Its title, Process, Chance and Serendipity: Art That Makes Itself reflects my lifelong ambition of making AI/A-Life agents that are capable of creating artworks independently, without the need for human intervention. I have not succeeded in this aim and now leave it to future generations to fulfill its promise. AI is not yet capable of creating truly autonomous art, although with the escalating rate of change in the field I now think it won’t be long before we see independent intelligence and cognitive agency emerge.
TMB: In conclusion Paul, please tell me about your term the Geometric Sublime.
PB: Some years ago I first used the term “The Geometric Sublime” to describe my work. I based this on Jon McCormack and Alan Dorin’s paper, “Art, Emergence, and the Computational Sublime” [17]. They illustrate their idea using Pi—the ratio between the diameter and circumference of a circle. Because it is irrational, its decimal expansion is infinite and non-repeating. By converting individual digits to colors and using them to populate successive frames, it’s possible to generate an infinite sequence that will include every image that has ever been (or ever will be) made. All movies are in there too, as well as the winning values for next week’s lottery. The problem is that this is infinite and we don’t know where to look. This theme was explored by Darren Aronofsky in his 1998 movie Pi [18]. Although the processes I create are based on simple structures, their emergent and iterative properties are also potentially infinite and it is this potential that invokes sublimity: whole universes of discourse contained in just a few simple marks.

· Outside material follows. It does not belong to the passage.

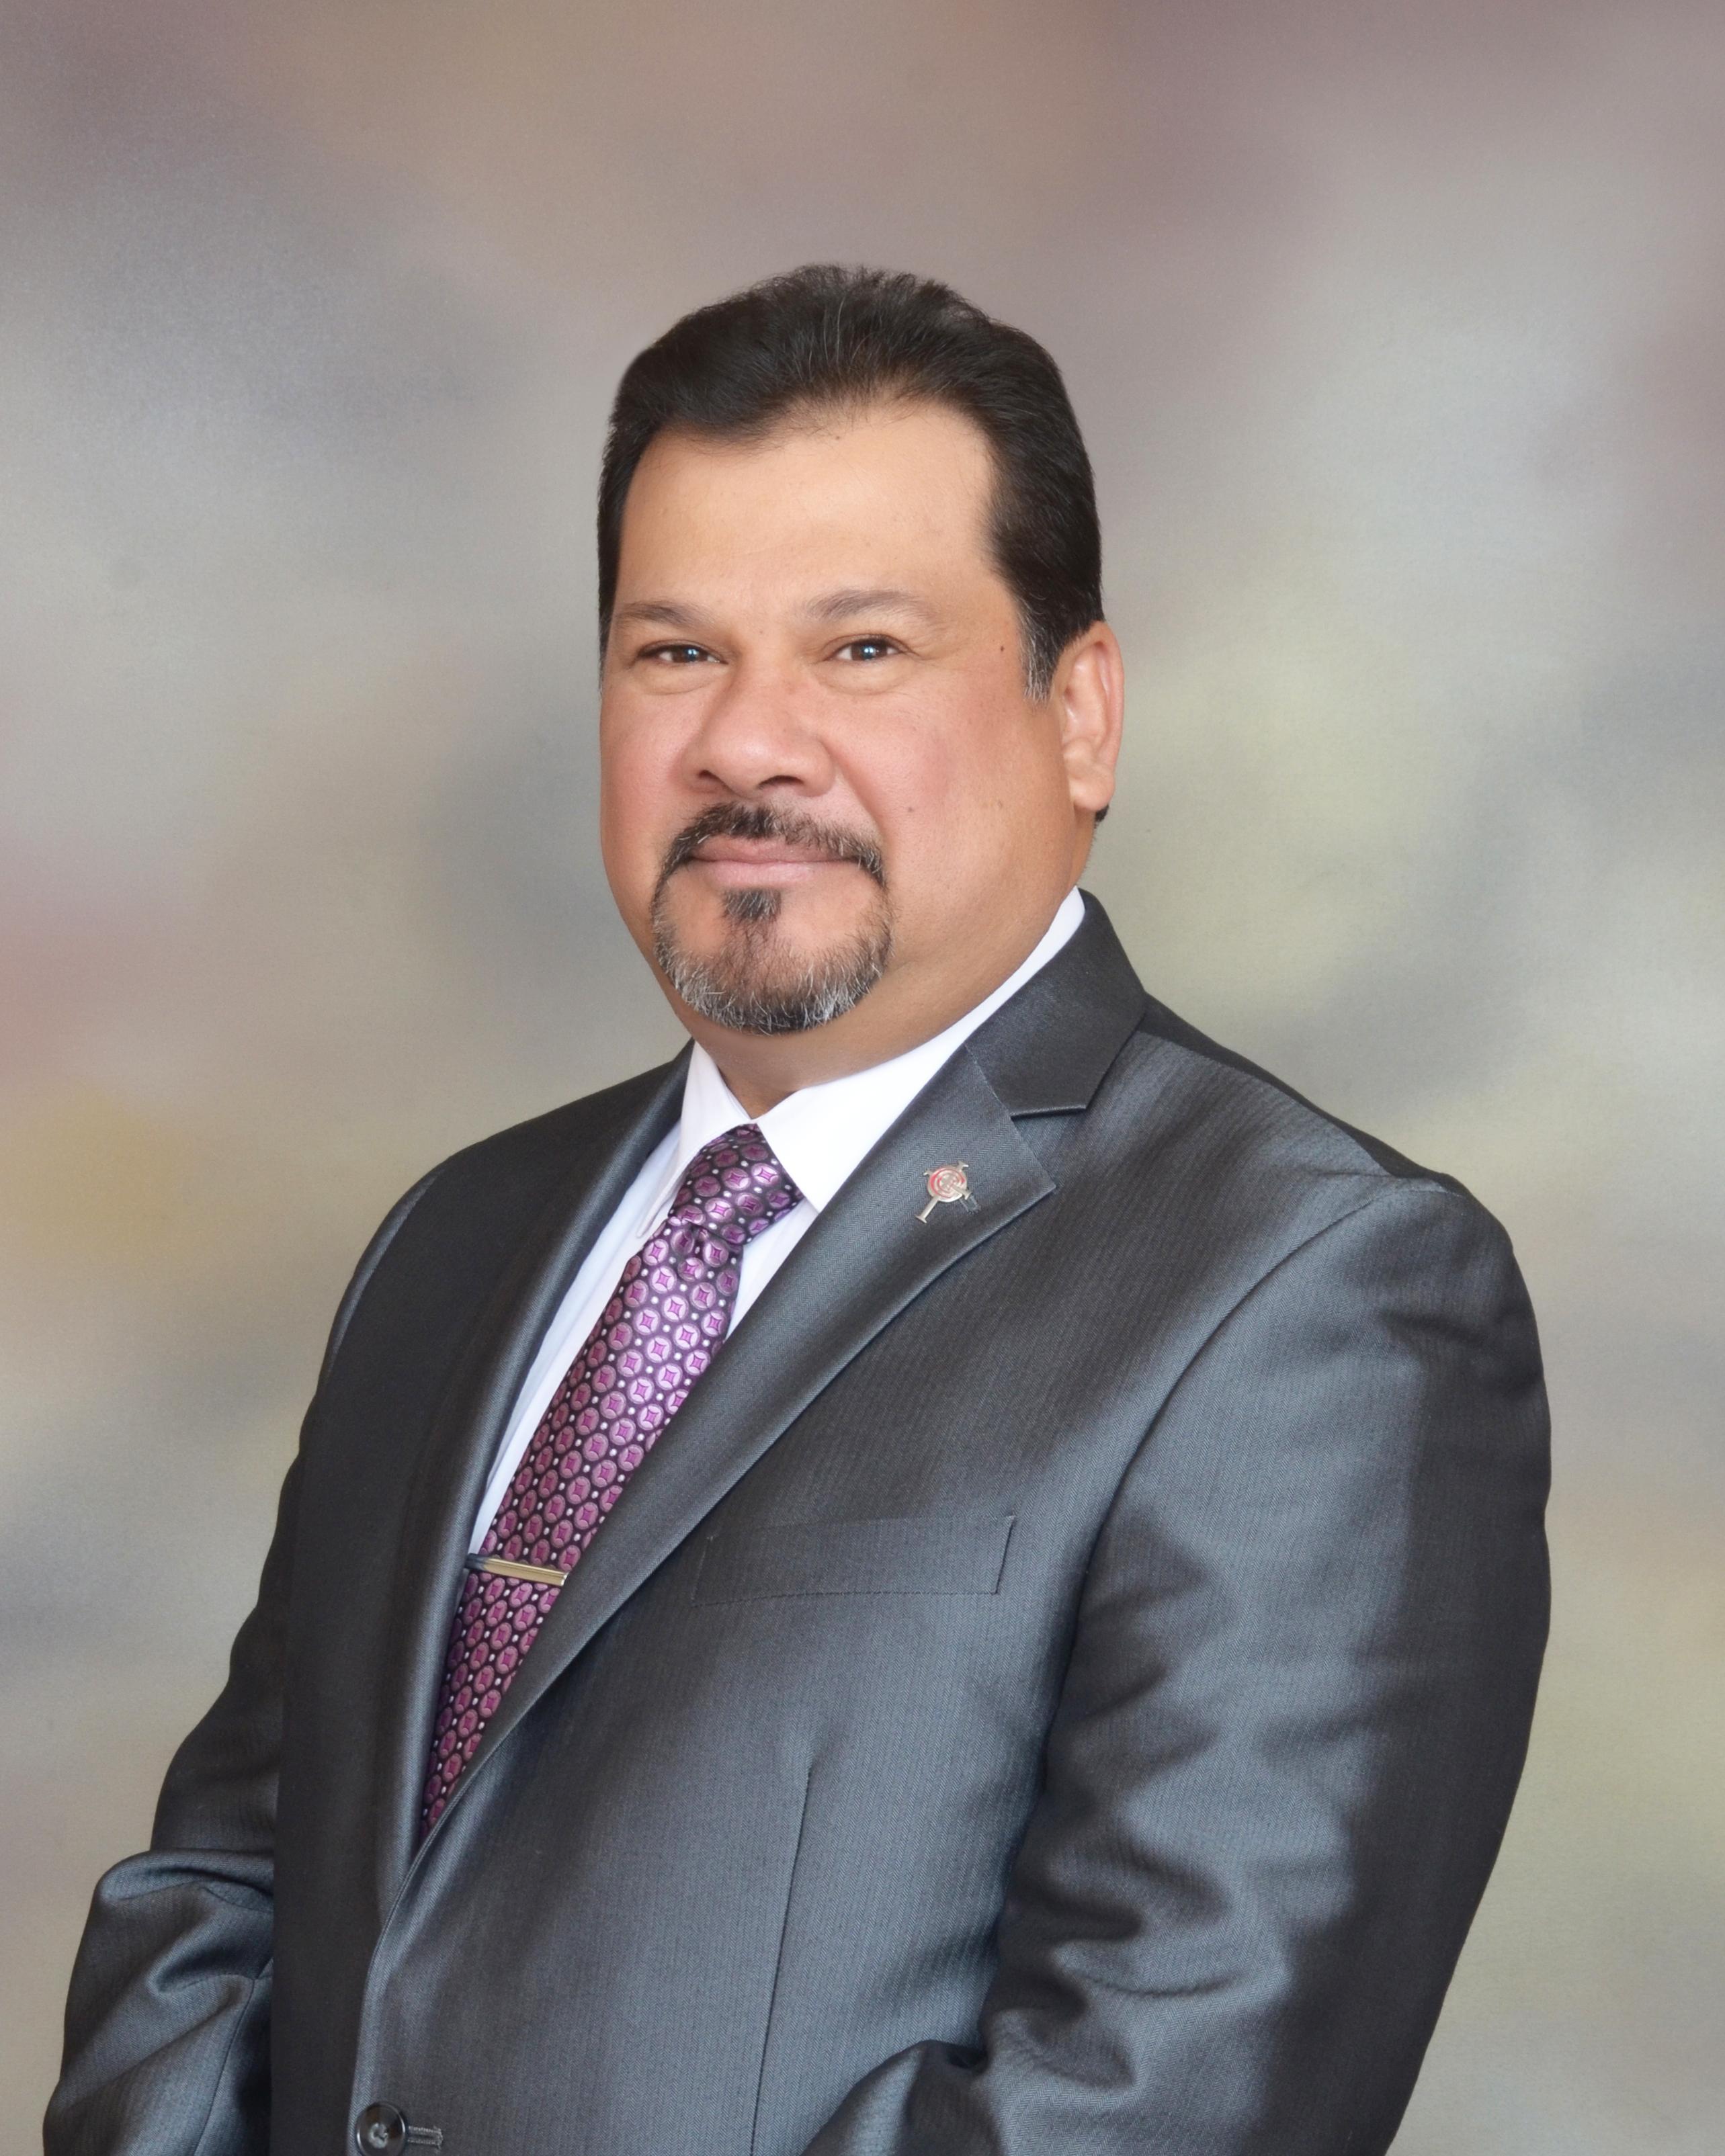 Presbyter Julio Patiño

It also relates to my long-term interest in the I Ching. The book begins with the single unitary One or Taijitu which divides into the two primary principles: yin and yang. These combine in sets of three to form the eight trigrams which also define the eight extents of the three-dimensional world. The trigrams permutate with each other to form the 64 archetypes or hexagrams that govern the universe, and these in turn mutate into each other to form the 4,096 changes to which the title of the book refers. On one level the book is a symbolic cosmology that describes how the world we experience emerges from the first unitary principle. The process is echoed in Lao Tzu’s Tao Te Ching: “The way begets one; one begets two; two begets three; three begets the myriad creatures” [19].
In my mind this is not so different to the contemporary scientific interpretation of how our universe came to be: the big bang, inflation, plasma condensing into hydrogen, gravity forming the first stars which forge the elements, the stars explode distributing the elements, and so on. . . .
My work explores a graphic universe: it takes simple units and combines them to create emergent phenomena—new universes of image and thought. It doesn’t represent the universe and neither does it abstract from the universe. It creates its own universe—one that has metaphorical parallels with all other universes.
TMB: What a wonderful concept. It makes me think of how all life on Earth has evolved from a single cell in the early prehistory of our planet. Infinite possibility from the timeless space of the void. Thank you, Paul, for sharing your insights!